Above all, though, this is a story of successful military leadership, an extended account of the development of that rare and mysterious gift that allows one man to earn, and not simply demand by reason of rank, the respect, trust and loyalty of those who serve under him. Hackworth was an instinctive natural leader, whether at the squad, platoon, company, battalion or brigade level. He was a leader because he was remarkably innovative, imaginative and adaptive, but most of all because he cared about the welfare and the survival of his men.

The first requisite of a leader is to get the task done, but as Hackworth knew, before that can even be attempted the men sent to do the job must be adequately trained and equipped. One of the most appalling failures in Vietnam proved to be that men were sent there without being properly trained for the conditions they would encounter. Once again, the Army found itself with troops and units trained to do battle on the plains of Central Europe or in the mountains of Korea, but not in the jungles and swamps of Indochina. Hackworth, who knew along with the Duke of Wellington that “wars are not fought in grassy meadows on sunny afternoons,” made sure that the men under his command became jungle-smart.

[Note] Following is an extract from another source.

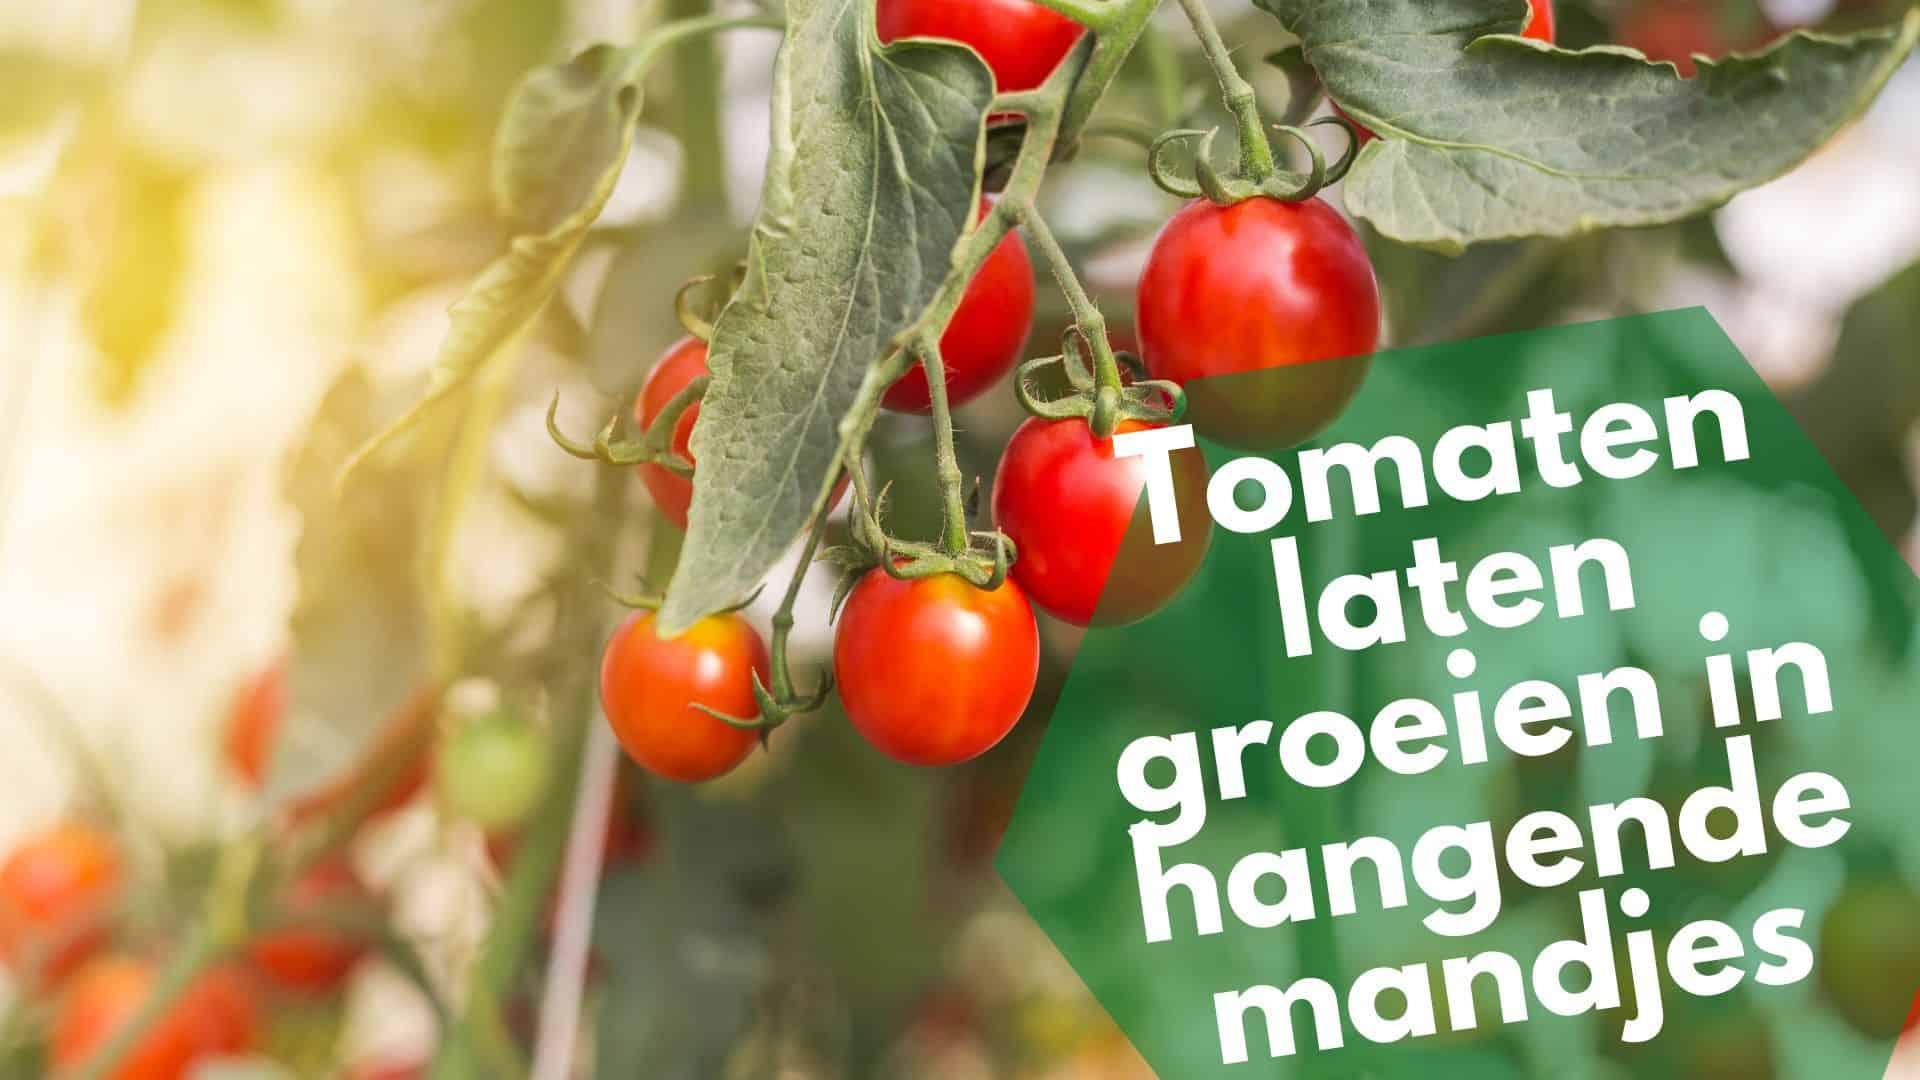 Tomaten binnen laten groeien in hangende mandjes: urban gardening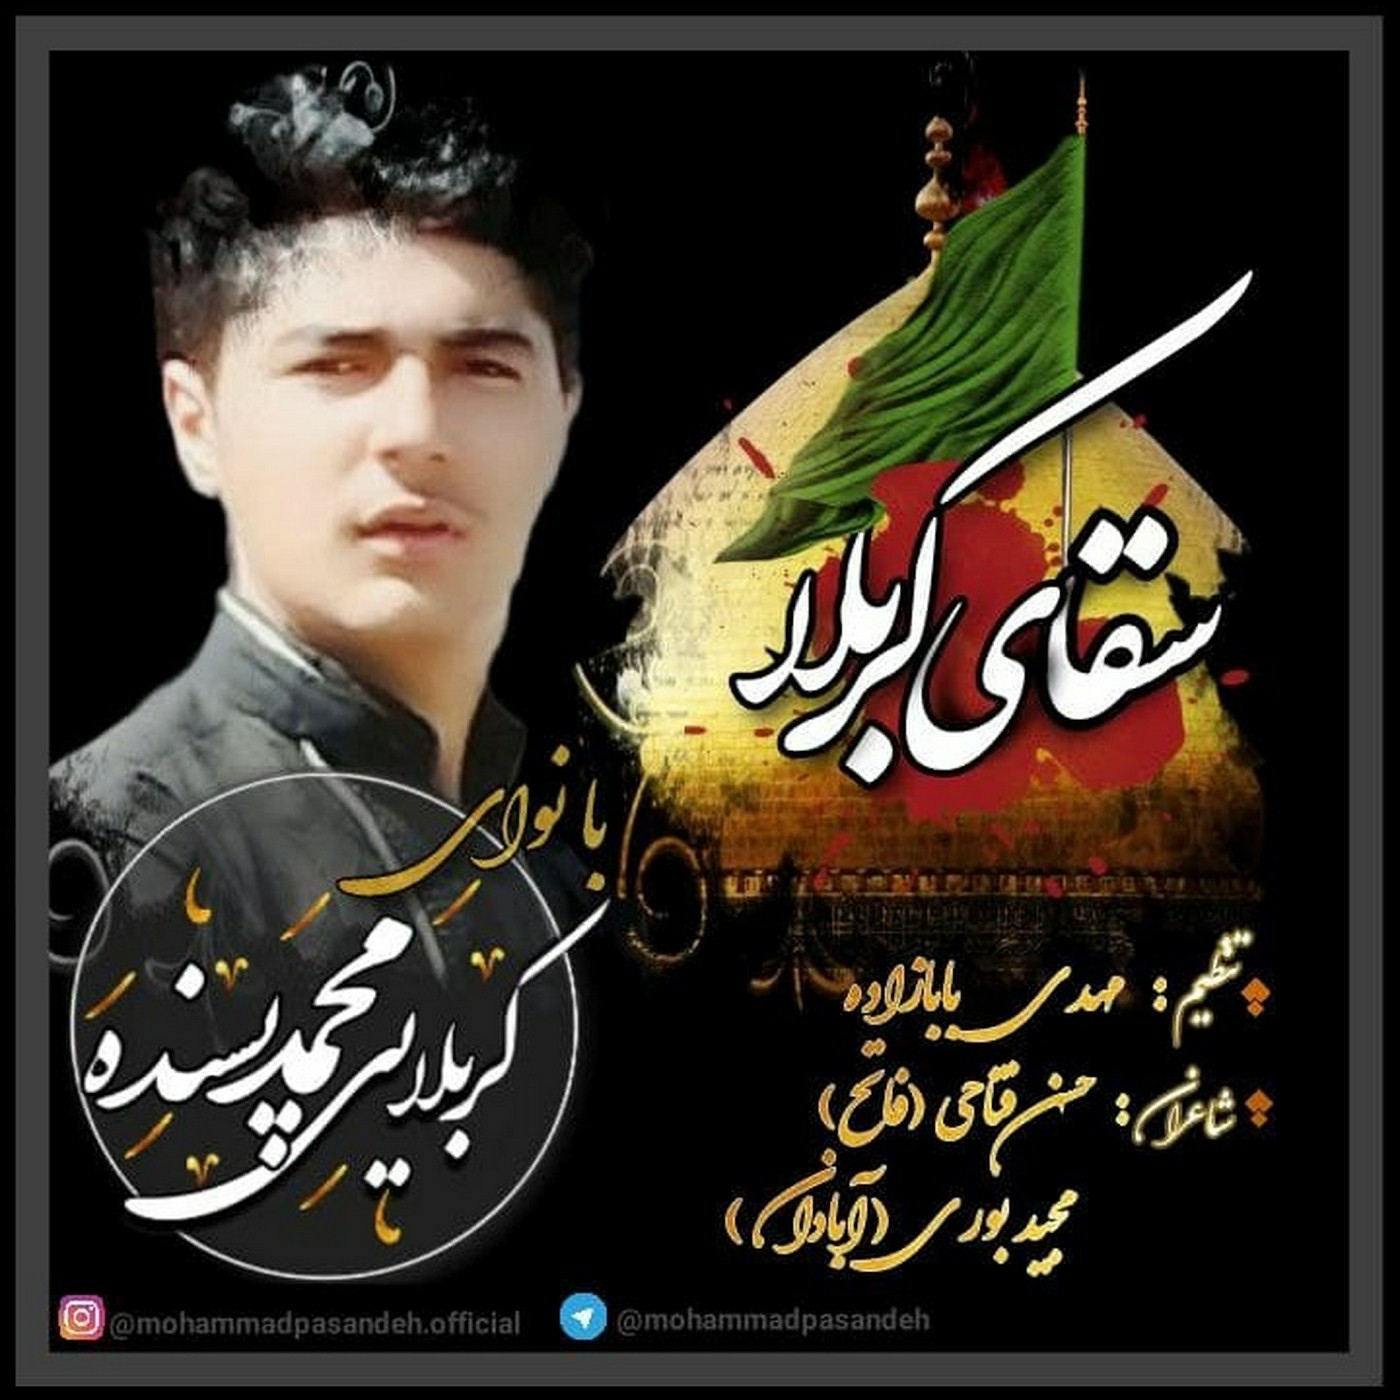 https://s19.picofile.com/file/8439316492/06Mohammad_Pasandeh_Saghaye_Karbala.jpg

Hackworth also knew that a good leader most of all leads by example. That talent was facilitated in his case by what seems to have been an almost pathological disregard for his own safety. He was by no means immune to fear in battle, but he also found exhilaration in its dangers. He was consummately--it is his own favorite description--a warrior, fierce, courageous, reliable.

He is also, as the epilogue to this memorable book shows, a reflective man who continues to worry about where the nation’s armed forces are today, especially in the quality of their training, equipment and most of all leadership. He has seen in two wars how the United States paid a heavy price for not being up to the mark in all these areas. This autobiography is in no small measure a chronicle of what those deficiencies cost. It’s also a convincing argument that there are men around who can do things far better.